A new chip design could lead to far cheaper large-area electronics.
The semiconductor industry is great at miniaturizing silicon devices and packing huge numbers of them into very small spaces. But for some applications, such as big-screen displays, it’s helpful if transistors and other silicon-based devices are distributed relatively sparsely across many centimeters or even meters. Traditionally, cheap methods for distributing electronics over large areas have produced low-performance devices; improving performance has required lots of expensive silicon.
Now Peter Peumans, a professor of electrical engineering at Stanford University, and his colleagues have developed small silicon chips that can be mechanically expanded to cover large areas, including curved surfaces such as the one pictured above. The chips consist of discs of silicon with silicon wire spooled around them. Each disc can incorporate transistors, pressure sensors, or tiny solar cells.
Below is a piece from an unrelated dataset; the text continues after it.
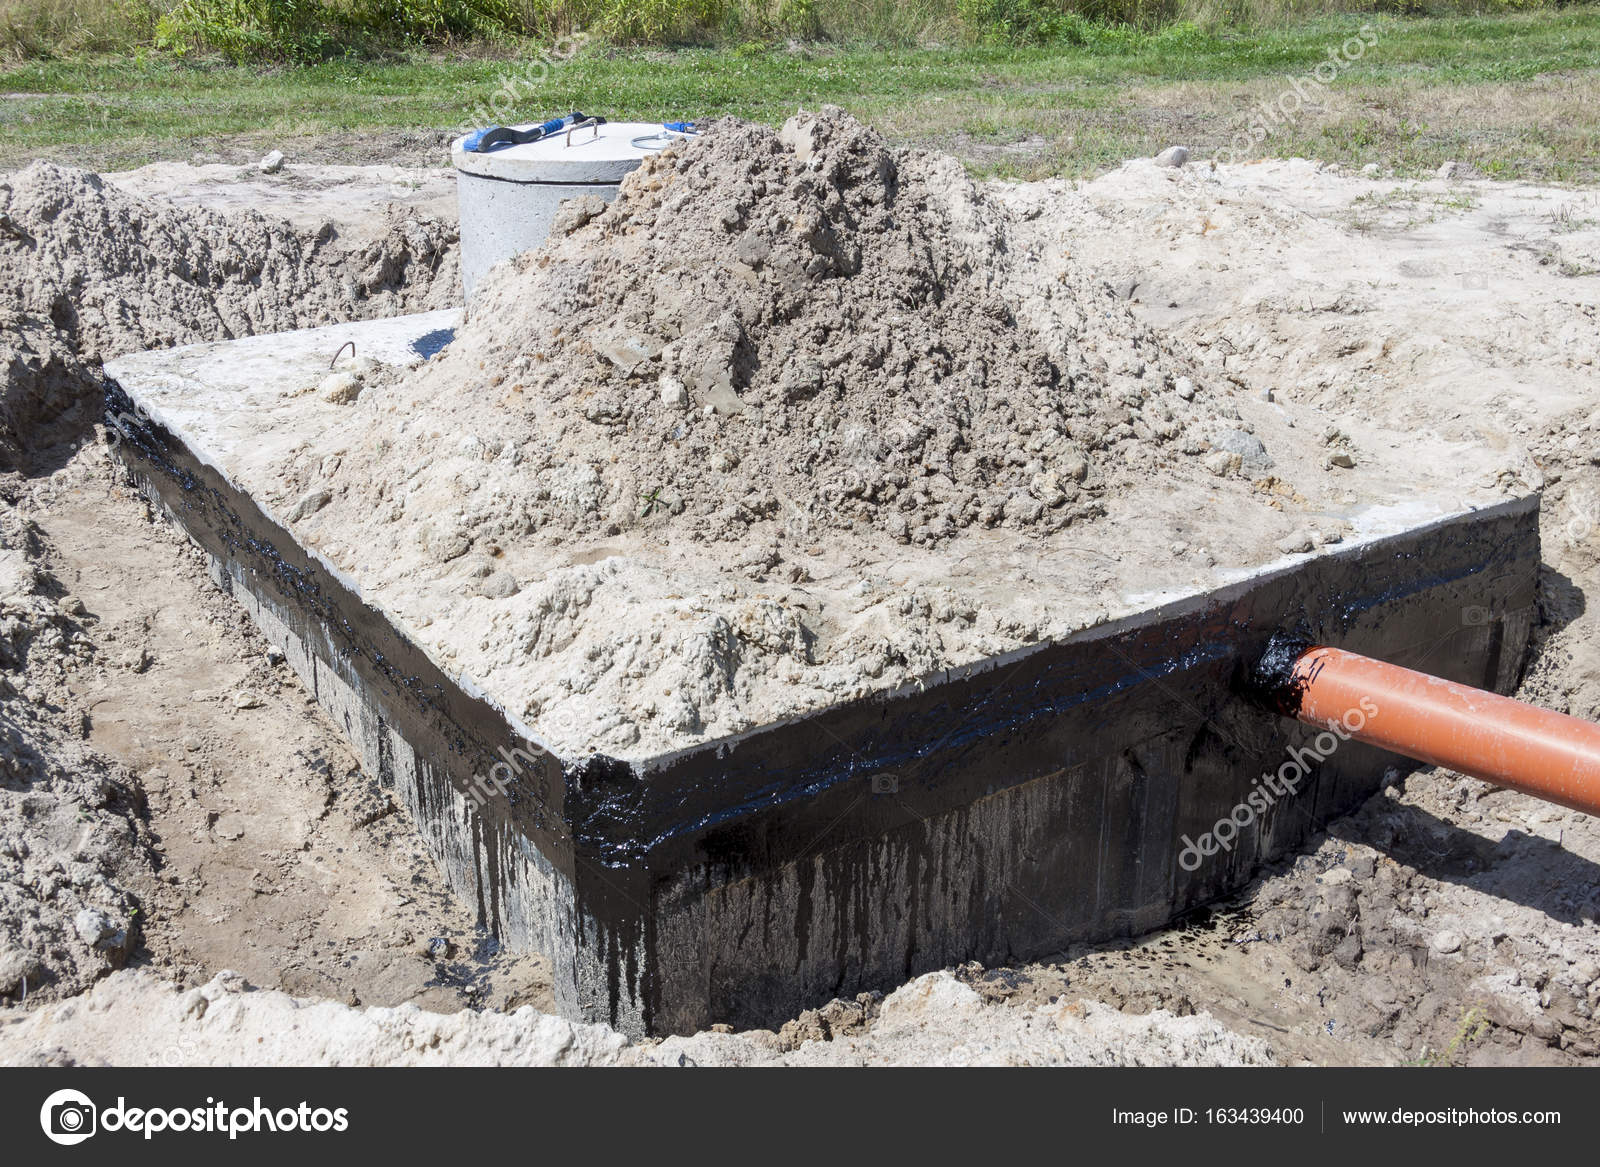 new concrete septic tank construction site photo by tomasz_parys
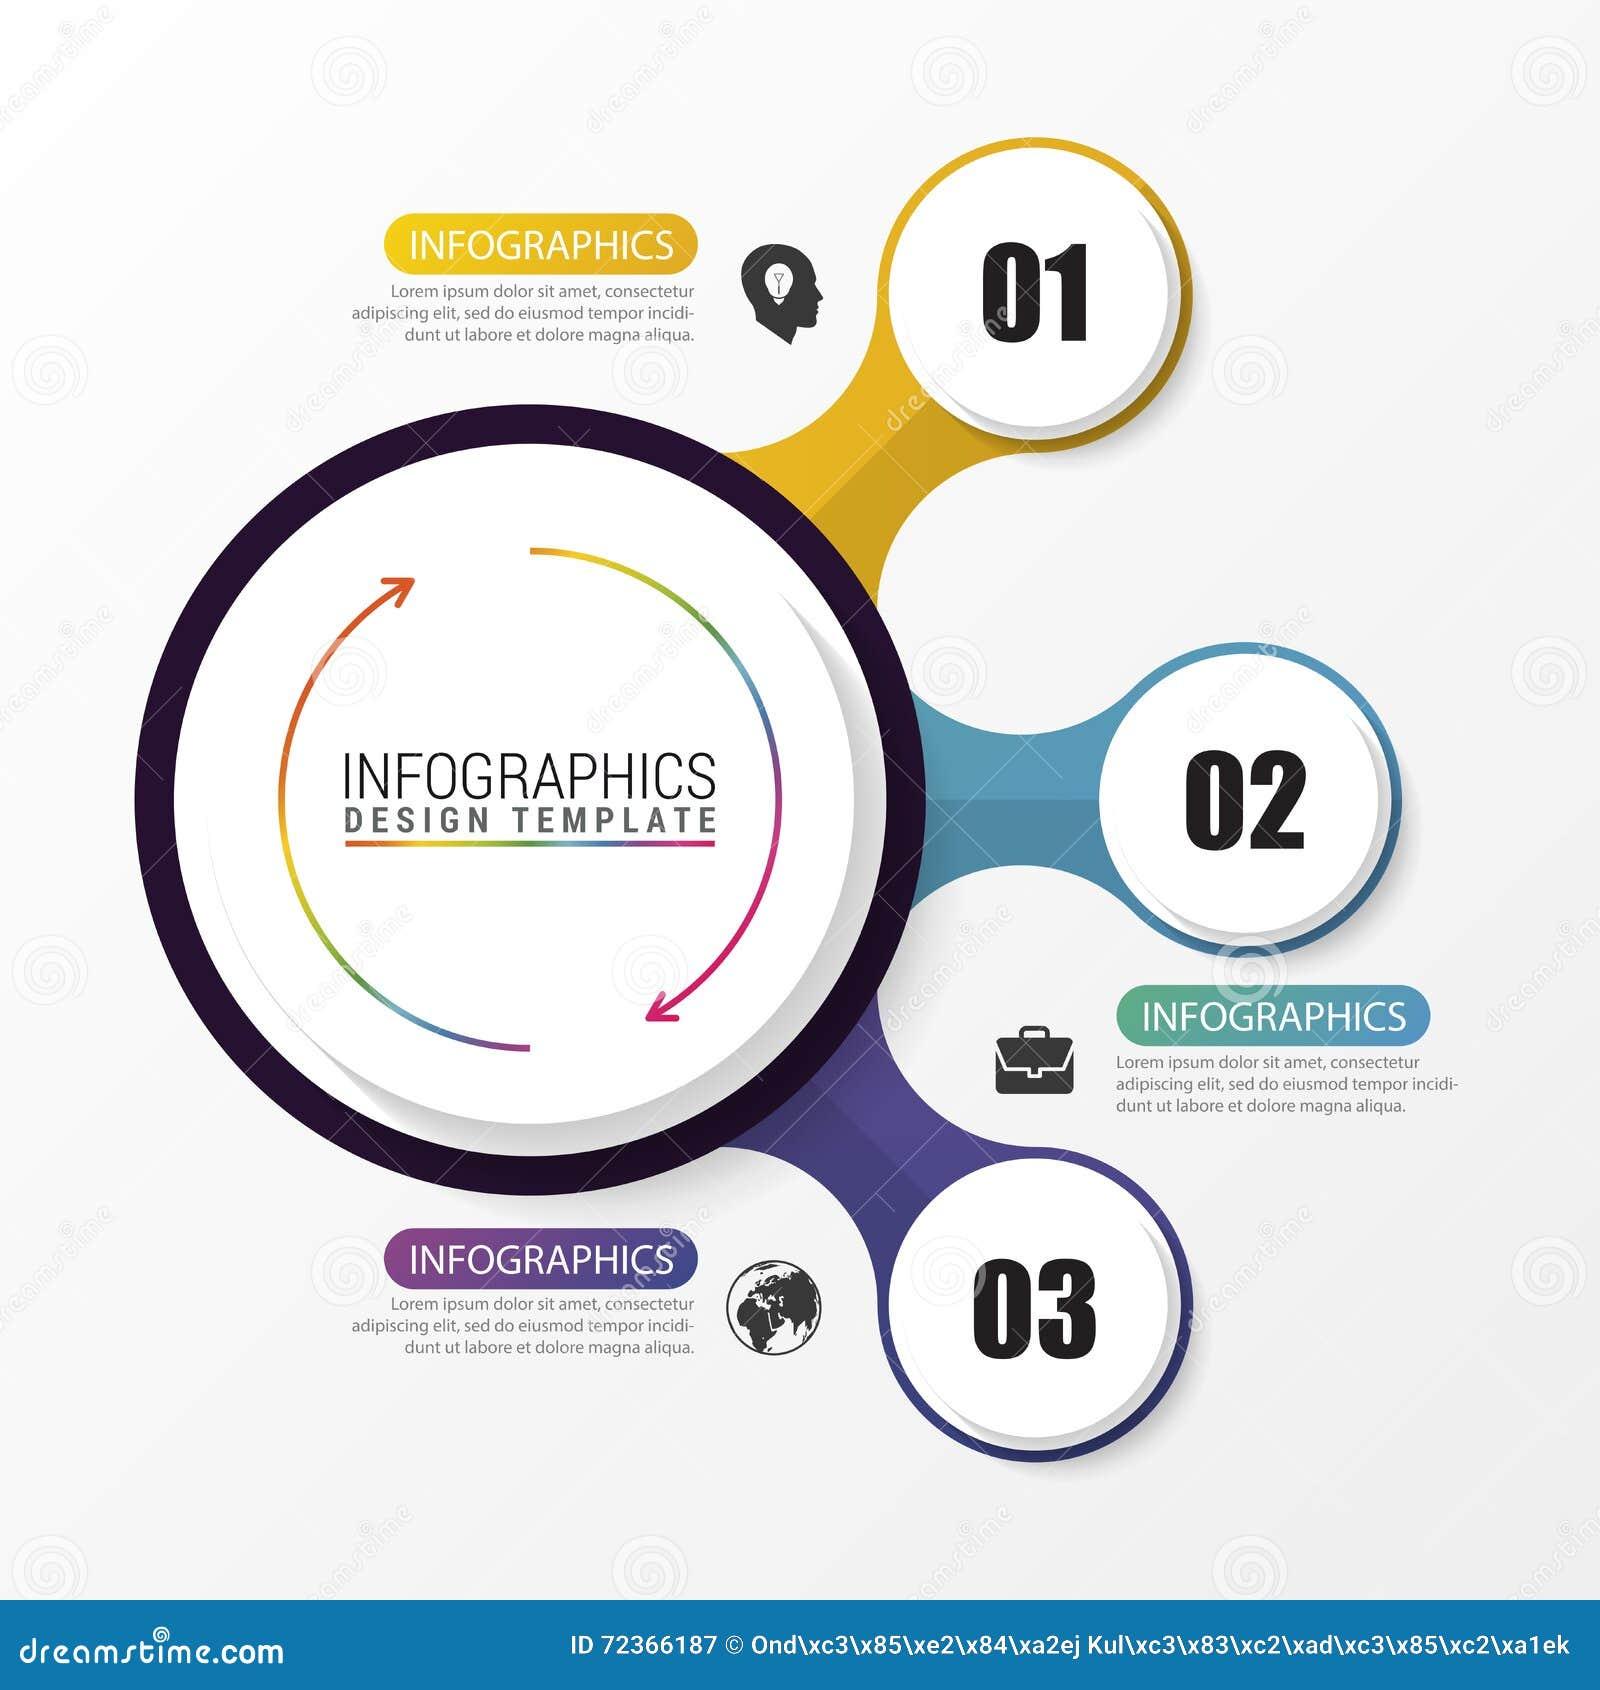 Infographic在灰色背景的设计圈子 向量

When the corners of the chip are pulled, the wires coiled around the silicon discs unwind. As they do, the discs, which start out nearly touching each other, spread apart. The result is a netlike array of silicon devices.
Peumans is working with Boeing to put crack-detecting sensors between layers of structural composite materials on aircraft. And he founded NetCrystal in Mountain View, CA, to make photovoltaic panels that spread out islands of photovoltaic chips in a way that exposes them to more sunlight, without the need for focusing lenses or mirrors. What’s more, distributed high-performance transistors could control pixels in next-generation displays, such as those based on organic light-emitting diodes.